> **WHAT YOU ARE ASKED TO DO**: Range to repeat from the listing below: the line containing "Mother of Pearl" down to the line containing "Amazon company has", both included. Copy it exactly, pictures excluded, and add nothing else.

> **EXTRACTED INFORMATION**:
————————
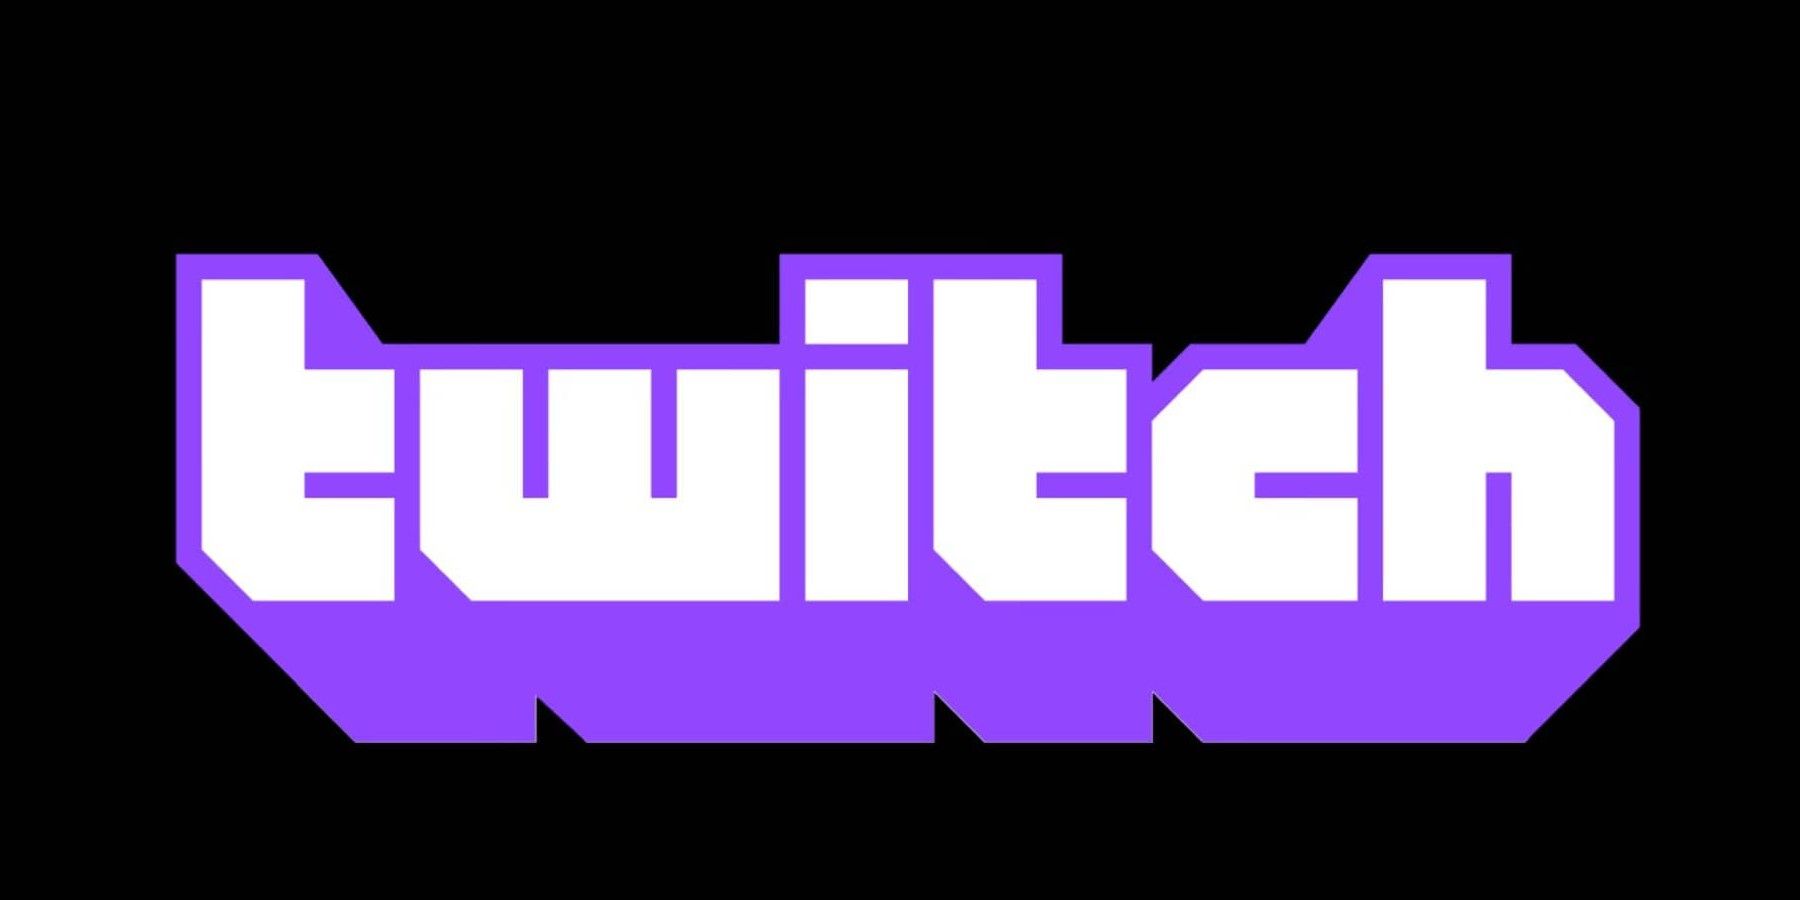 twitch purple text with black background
————————
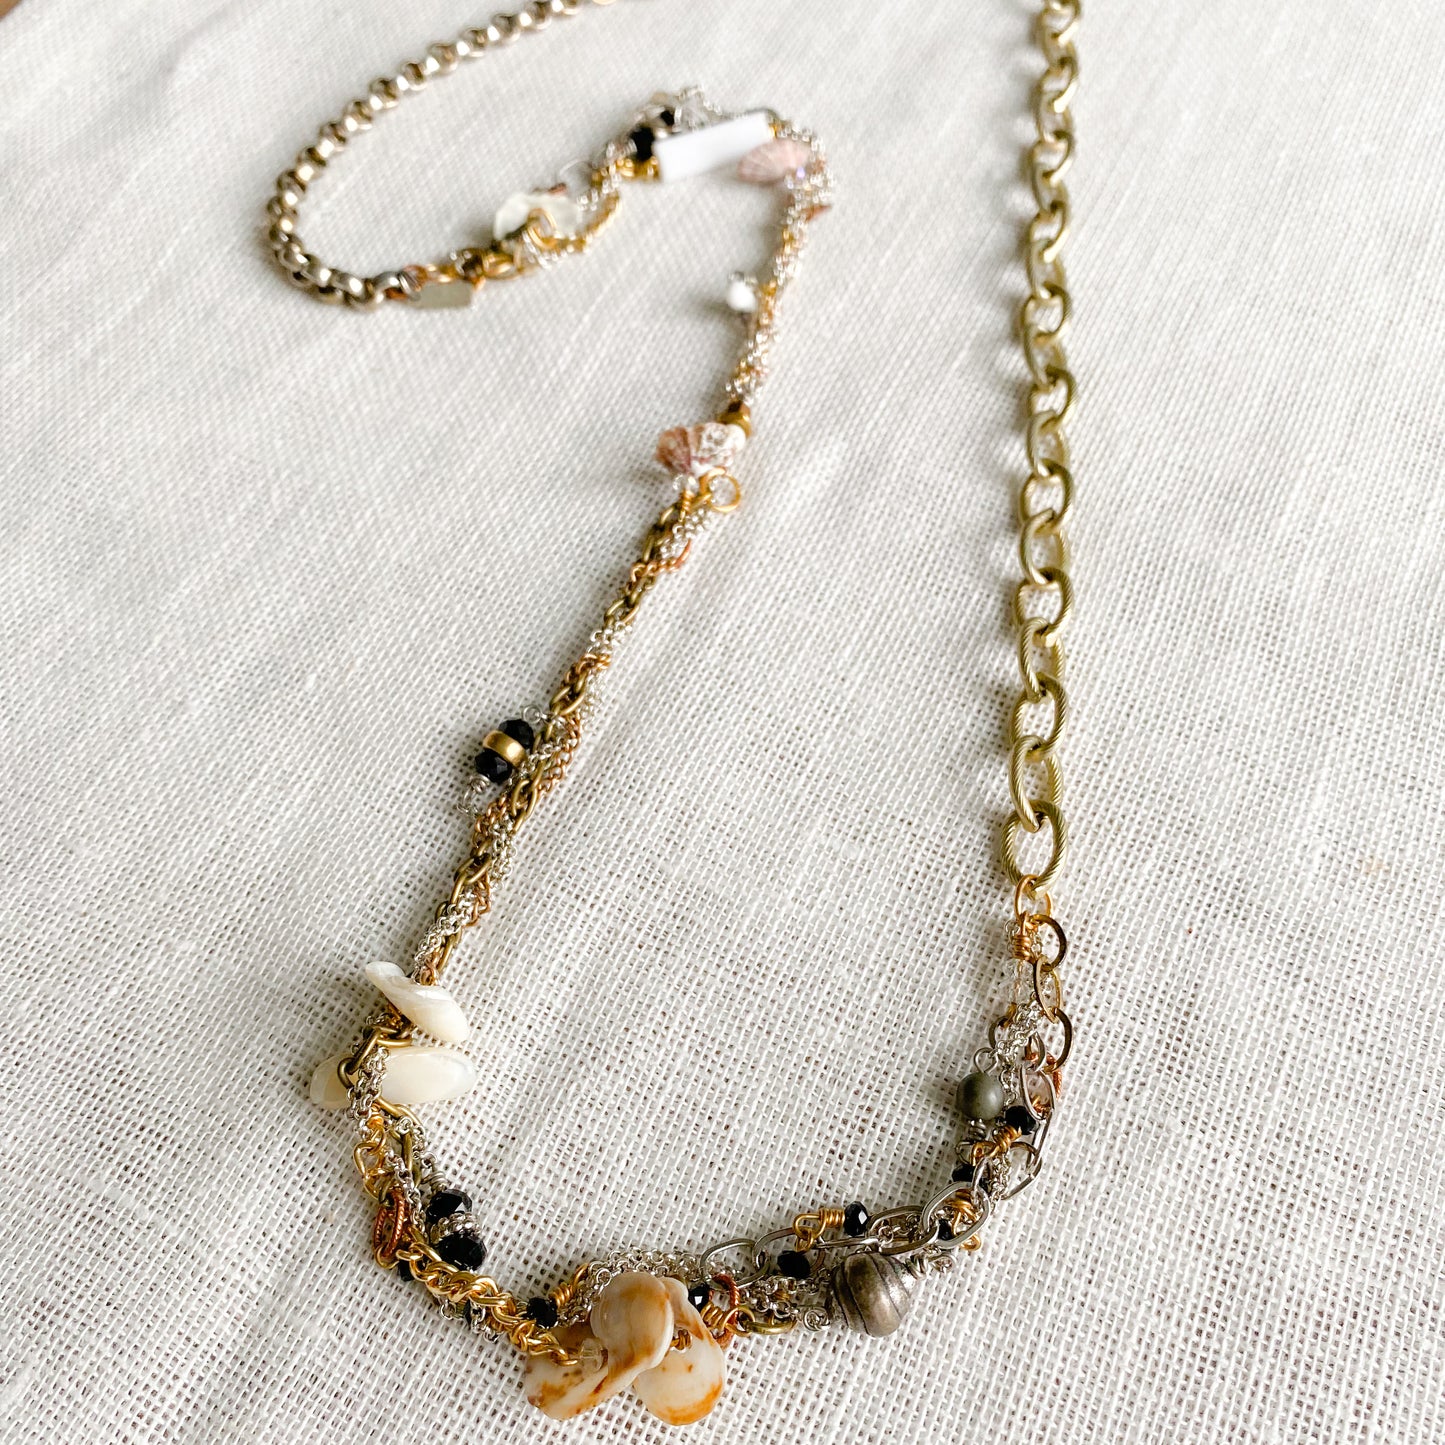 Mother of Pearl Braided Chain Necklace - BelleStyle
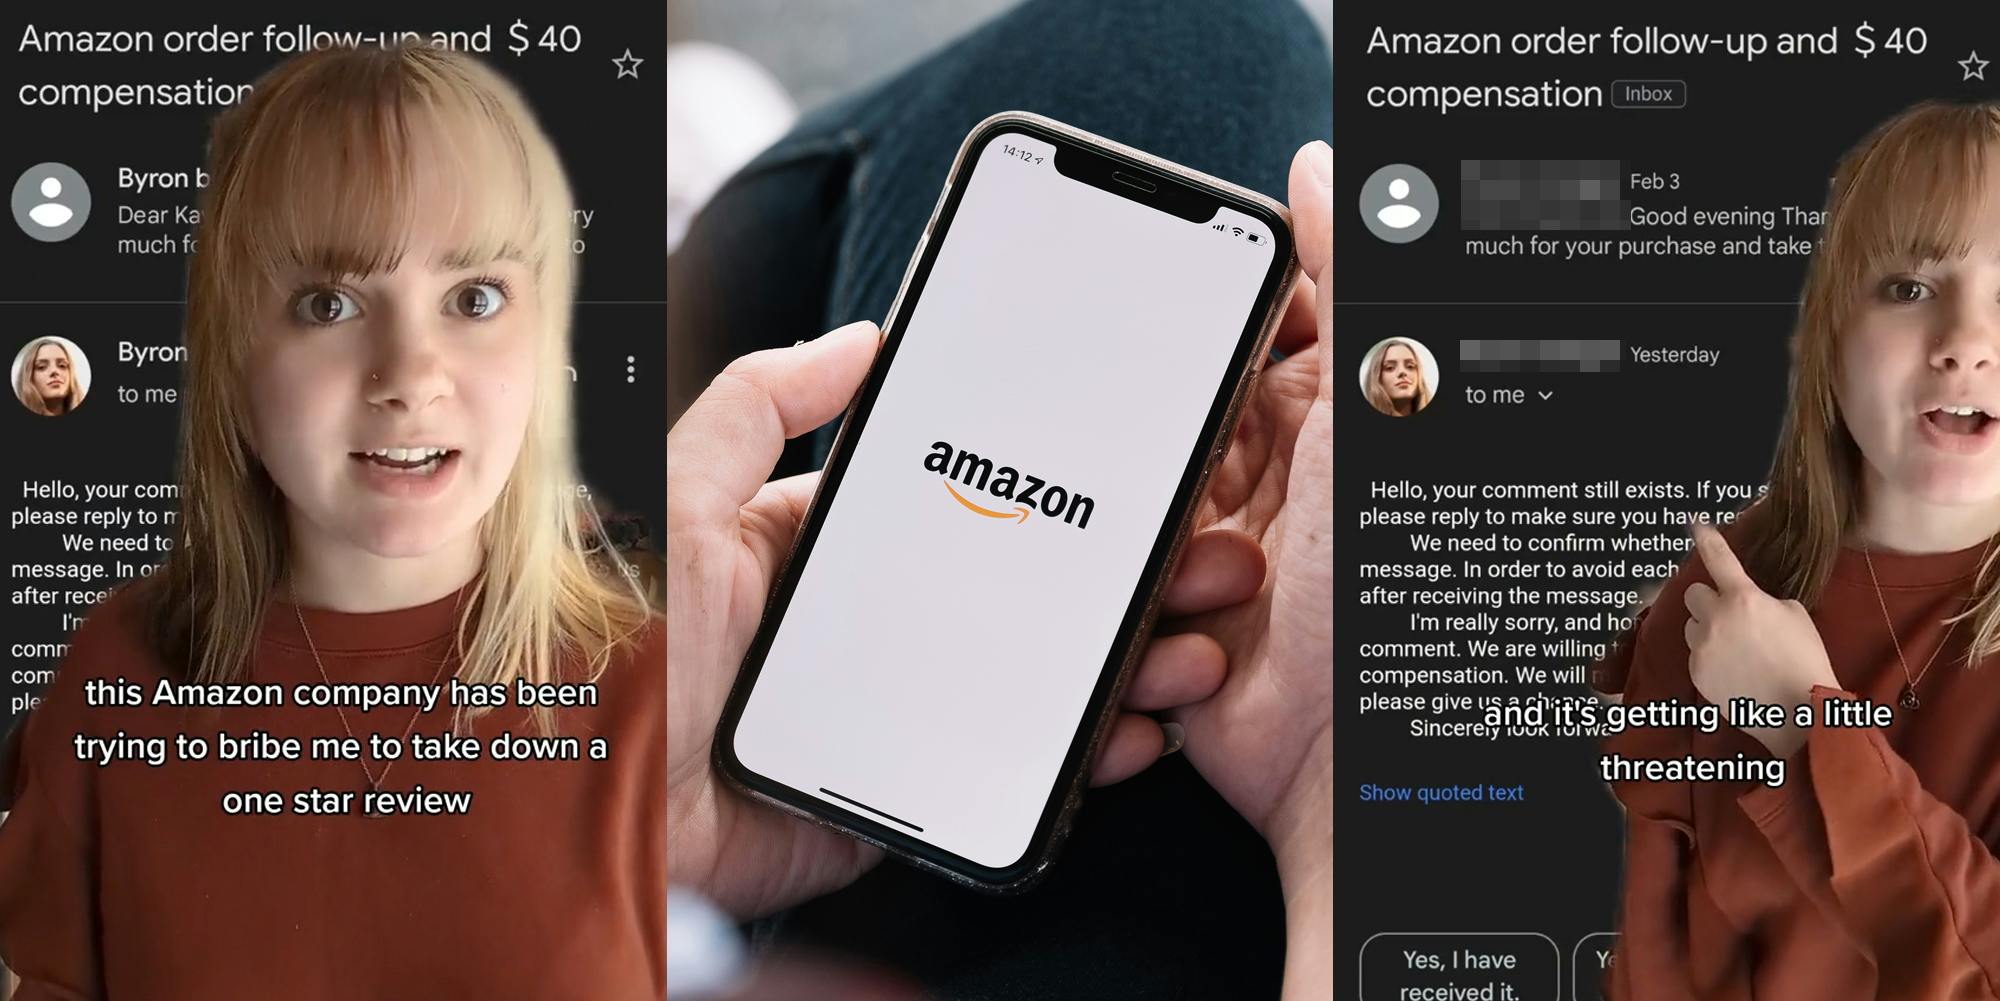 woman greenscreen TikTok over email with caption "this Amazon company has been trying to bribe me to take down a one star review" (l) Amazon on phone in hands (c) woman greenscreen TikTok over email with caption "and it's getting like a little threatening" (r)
————————
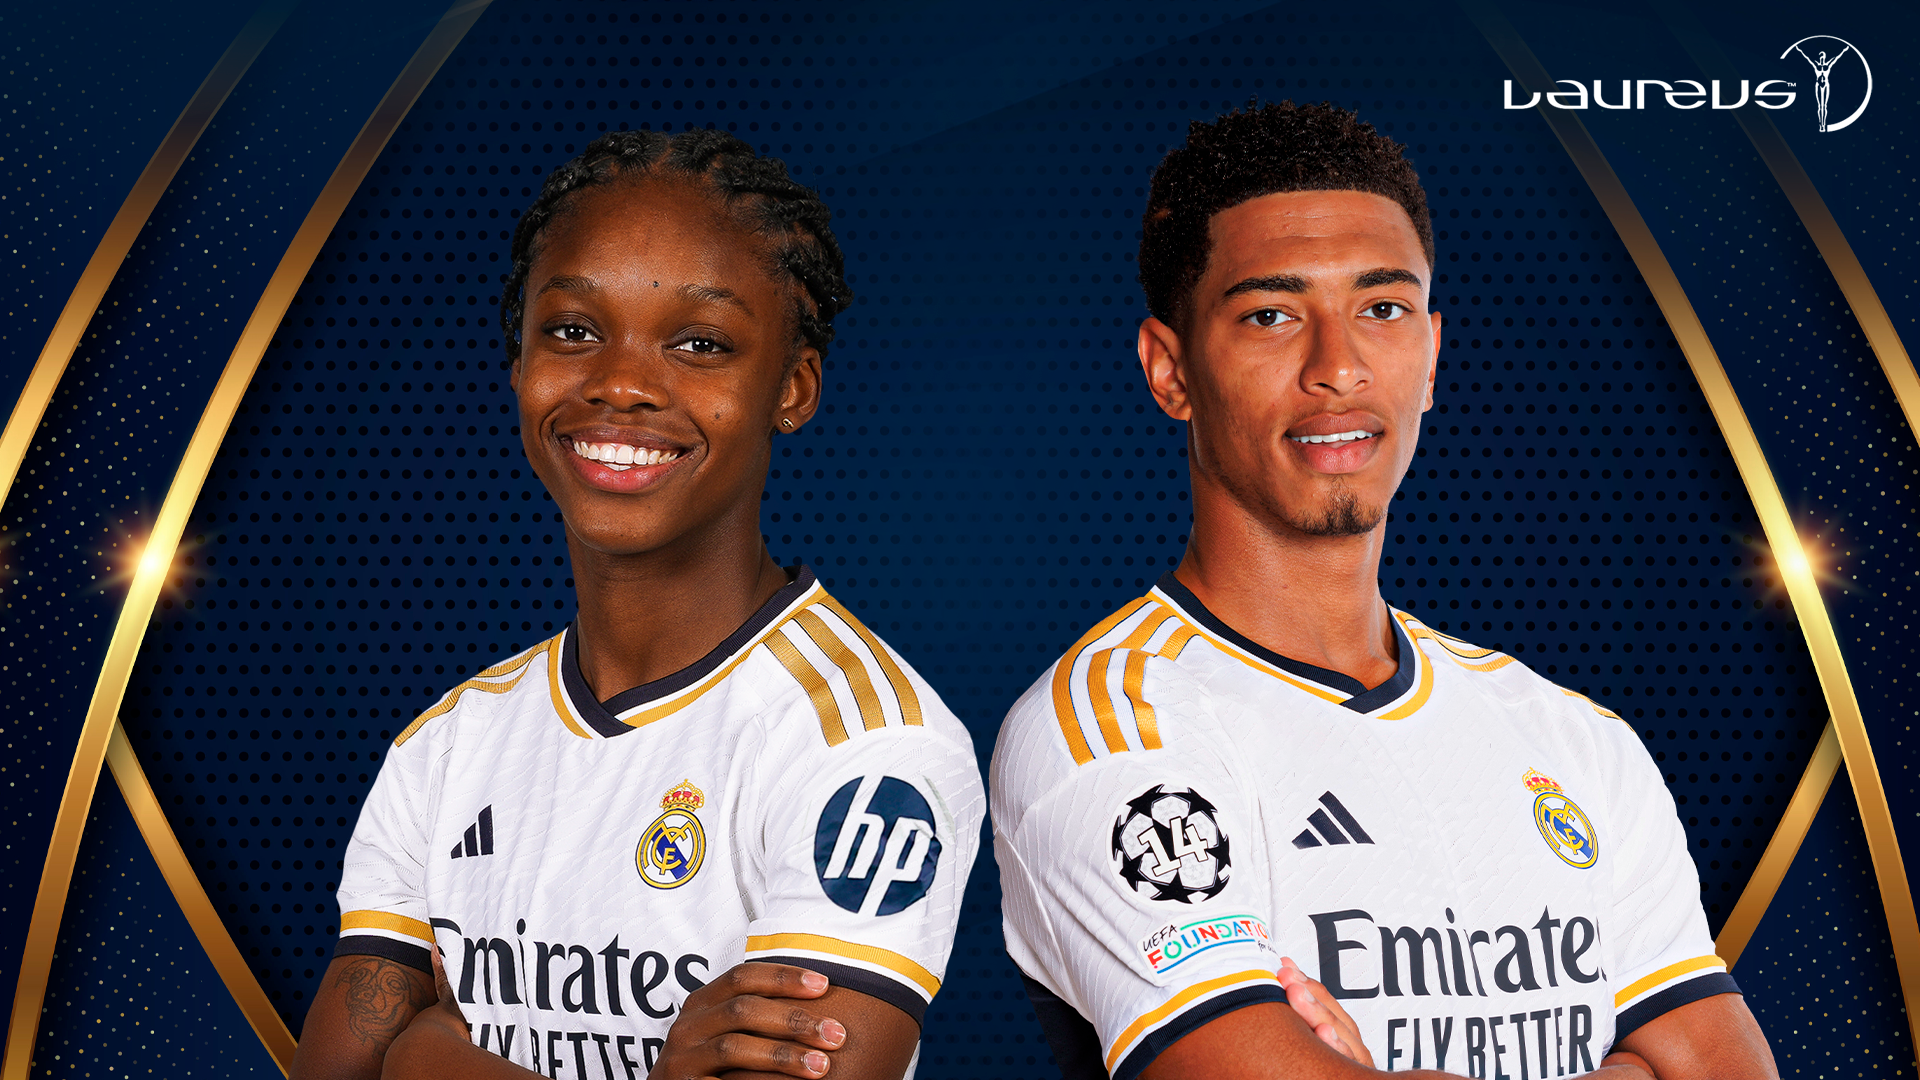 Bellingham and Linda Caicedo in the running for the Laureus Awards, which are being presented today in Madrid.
————————
> **ANSWER SPACE**:
 Mother of Pearl Braided Chain Necklace - BelleStyle
 woman greenscreen TikTok over email with caption "this Amazon company has been trying to bribe me to take down a one star review" (l) Amazon on phone in hands (c) woman greenscreen TikTok over email with caption "and it's getting like a little threatening" (r)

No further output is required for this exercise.